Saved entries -

◇ ◇ ◇ ◇

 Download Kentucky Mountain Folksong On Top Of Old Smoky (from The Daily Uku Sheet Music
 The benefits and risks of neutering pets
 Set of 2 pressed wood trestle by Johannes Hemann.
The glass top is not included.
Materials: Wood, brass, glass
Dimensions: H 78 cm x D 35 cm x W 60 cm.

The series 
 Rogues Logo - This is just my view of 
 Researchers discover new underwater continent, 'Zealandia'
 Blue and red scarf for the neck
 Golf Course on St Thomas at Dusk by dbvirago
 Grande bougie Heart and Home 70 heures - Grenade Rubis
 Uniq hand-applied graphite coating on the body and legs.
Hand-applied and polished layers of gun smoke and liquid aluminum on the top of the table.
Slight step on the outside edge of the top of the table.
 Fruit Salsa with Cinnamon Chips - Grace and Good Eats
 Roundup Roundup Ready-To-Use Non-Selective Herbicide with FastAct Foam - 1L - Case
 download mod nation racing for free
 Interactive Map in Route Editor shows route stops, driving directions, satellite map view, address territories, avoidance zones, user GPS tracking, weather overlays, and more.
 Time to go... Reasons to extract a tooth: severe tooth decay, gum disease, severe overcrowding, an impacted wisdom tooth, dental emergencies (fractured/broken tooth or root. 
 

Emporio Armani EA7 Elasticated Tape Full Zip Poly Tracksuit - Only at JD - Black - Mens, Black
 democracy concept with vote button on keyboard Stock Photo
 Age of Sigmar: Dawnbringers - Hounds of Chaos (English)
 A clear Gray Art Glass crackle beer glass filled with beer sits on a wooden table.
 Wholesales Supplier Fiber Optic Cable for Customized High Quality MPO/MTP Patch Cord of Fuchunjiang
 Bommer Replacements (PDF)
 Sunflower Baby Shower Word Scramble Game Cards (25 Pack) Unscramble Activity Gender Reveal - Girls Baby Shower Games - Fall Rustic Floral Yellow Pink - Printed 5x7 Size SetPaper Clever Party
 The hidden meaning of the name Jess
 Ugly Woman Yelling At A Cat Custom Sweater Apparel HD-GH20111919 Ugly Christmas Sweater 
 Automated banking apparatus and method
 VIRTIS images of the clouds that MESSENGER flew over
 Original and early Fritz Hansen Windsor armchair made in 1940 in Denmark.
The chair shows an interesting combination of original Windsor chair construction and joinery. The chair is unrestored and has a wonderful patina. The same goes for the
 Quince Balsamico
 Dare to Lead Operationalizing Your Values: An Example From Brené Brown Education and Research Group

◇ ◇ ◇ ◇

WORK ORDER - All the records above must be transcribed without a single change to any word.

YOUR SOLUTION -
 Download Kentucky Mountain Folksong On Top Of Old Smoky (from The Daily Uku Sheet Music
 The benefits and risks of neutering pets
 Set of 2 pressed wood trestle by Johannes Hemann.
The glass top is not included.
Materials: Wood, brass, glass
Dimensions: H 78 cm x D 35 cm x W 60 cm.

The series 
 Rogues Logo - This is just my view of 
 Researchers discover new underwater continent, 'Zealandia'
 Blue and red scarf for the neck
 Golf Course on St Thomas at Dusk by dbvirago
 Grande bougie Heart and Home 70 heures - Grenade Rubis
 Uniq hand-applied graphite coating on the body and legs.
Hand-applied and polished layers of gun smoke and liquid aluminum on the top of the table.
Slight step on the outside edge of the top of the table.
 Fruit Salsa with Cinnamon Chips - Grace and Good Eats
 Roundup Roundup Ready-To-Use Non-Selective Herbicide with FastAct Foam - 1L - Case
 download mod nation racing for free
 Interactive Map in Route Editor shows route stops, driving directions, satellite map view, address territories, avoidance zones, user GPS tracking, weather overlays, and more.
 Time to go... Reasons to extract a tooth: severe tooth decay, gum disease, severe overcrowding, an impacted wisdom tooth, dental emergencies (fractured/broken tooth or root. 
 

Emporio Armani EA7 Elasticated Tape Full Zip Poly Tracksuit - Only at JD - Black - Mens, Black
 democracy concept with vote button on keyboard Stock Photo
 Age of Sigmar: Dawnbringers - Hounds of Chaos (English)
 A clear Gray Art Glass crackle beer glass filled with beer sits on a wooden table.
 Wholesales Supplier Fiber Optic Cable for Customized High Quality MPO/MTP Patch Cord of Fuchunjiang
 Bommer Replacements (PDF)
 Sunflower Baby Shower Word Scramble Game Cards (25 Pack) Unscramble Activity Gender Reveal - Girls Baby Shower Games - Fall Rustic Floral Yellow Pink - Printed 5x7 Size SetPaper Clever Party
 The hidden meaning of the name Jess
 Ugly Woman Yelling At A Cat Custom Sweater Apparel HD-GH20111919 Ugly Christmas Sweater 
 Automated banking apparatus and method
 VIRTIS images of the clouds that MESSENGER flew over
 Original and early Fritz Hansen Windsor armchair made in 1940 in Denmark.
The chair shows an interesting combination of original Windsor chair construction and joinery. The chair is unrestored and has a wonderful patina. The same goes for the
 Quince Balsamico
 Dare to Lead Operationalizing Your Values: An Example From Brené Brown Education and Research Group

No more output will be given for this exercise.